Today we’ve become very confused about the true spirit of America as we logically try to honor separation of church and state.  It’s left us with a culture lacking in moral conscience.  We find ourselves fighting the empty dogma of secular believers with fundamentalists filled with notions of their ‘rightness’.  Our attempts to impose belief from our ‘thoughts’ of ‘rightness’ fill our airwaves and politics with tremendous distraction from cultivating a practice of ‘not wanting’.  The pilgrim moves from the heart and Big Faith, with a deeper courage and curiosity to the mystery of life (and death).  The pilgrim spirit is not one of persuasion, driven from a desire to change another.  It’s driven from a deep spiritual place of reverence and respect for one another, recognizing the Divine in all things and all beings.  It recognizes our biggest command, “Be kind to one another, and at the least, try not to cause harm.”  Our health is found in cultivating joy through gratitude in the ‘gift of the given’, noting the antidote to greed, fear and ignoring as ‘awareness’, deepened through prayer and meditation.  I’m filled with expectant joy and gratitude for an America of opportunity, flexibility, curiosity, Big Faith, harmony and rhythm, gratitude, and kindness.  We’re a nation founded on kindness, moderation, and mindful consumption.  For me, this is what Occupy Wall Street is about,  a return to the pilgrim spirit of kindness and opportunity and a moral conscience that always first asks, “Where’s the harm (potential or present) in the thoughts, speech, and action we’re about to pursue?”  Our moral conscience can once again be found in the ancient Hawaiian mandate, “Best for all with harm to none.”

“The Lord is my shepherd.  I shall not want.”

4:6-7

King James Version (KJV)

4 Rejoice in the Lord alway: and again I say, Rejoice. 5 Let your moderation be known unto all men.

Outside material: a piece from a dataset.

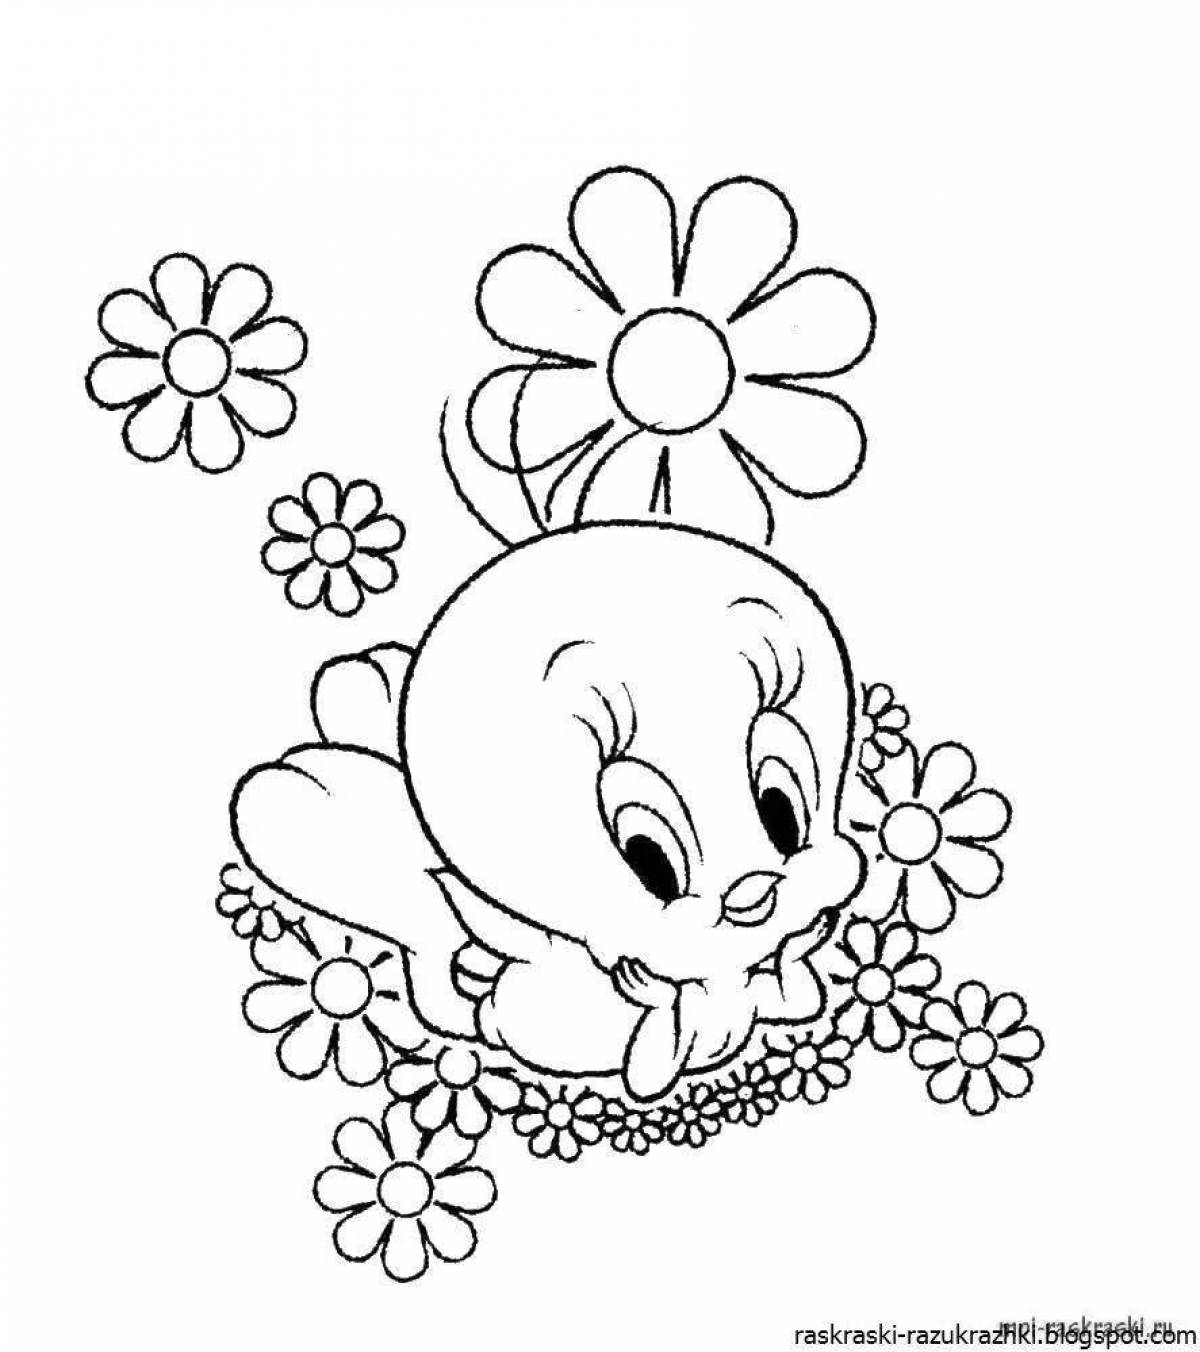 Exquisite duck coloring book for girls

The Lord is at hand. 6 Be careful for nothing; but in every thing by prayer and supplication with thanksgiving let your requests be made known unto God. 7And the peace of God, which passeth all understanding, shall keep your hearts and minds through Christ Jesus.

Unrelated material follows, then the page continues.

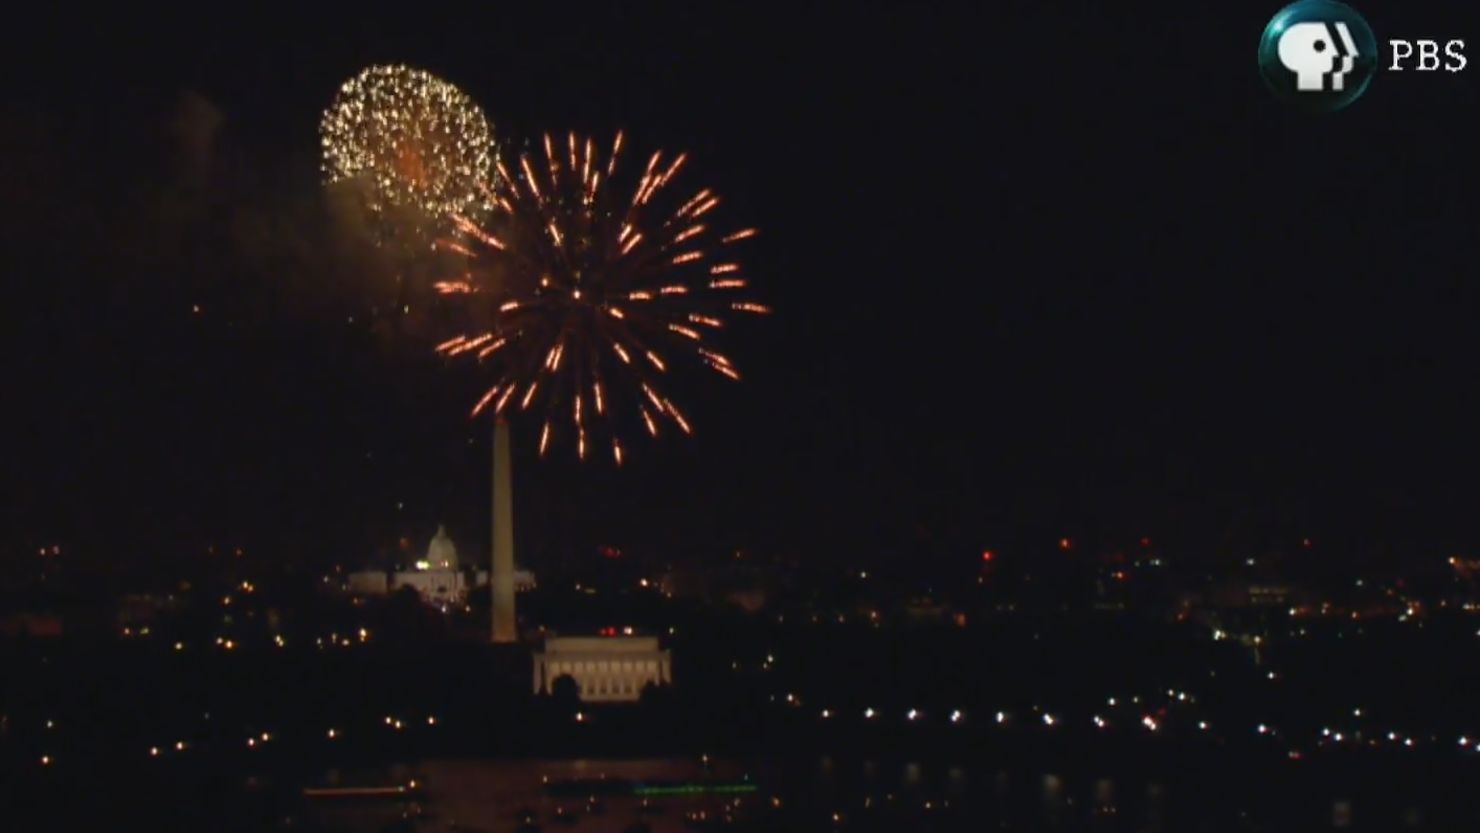 If you watched the fireworks show on PBS Monday night, this is what you saw -- a clearer view than what people saw in person.

Good News Translation (GNT)

6 Don’t worry about anything, but in all your prayers ask God for what you need, always asking him with a thankful heart.7 And God’s peace, which is far beyond human understanding, will keep your hearts and minds safe in union with Christ Jesus.

Life is difficult.  Our difficulties come from wanting conditions different from what they are in the face of change.  Our relief is found through prayer/meditation, embracing the moment’s gift outside our restless mind.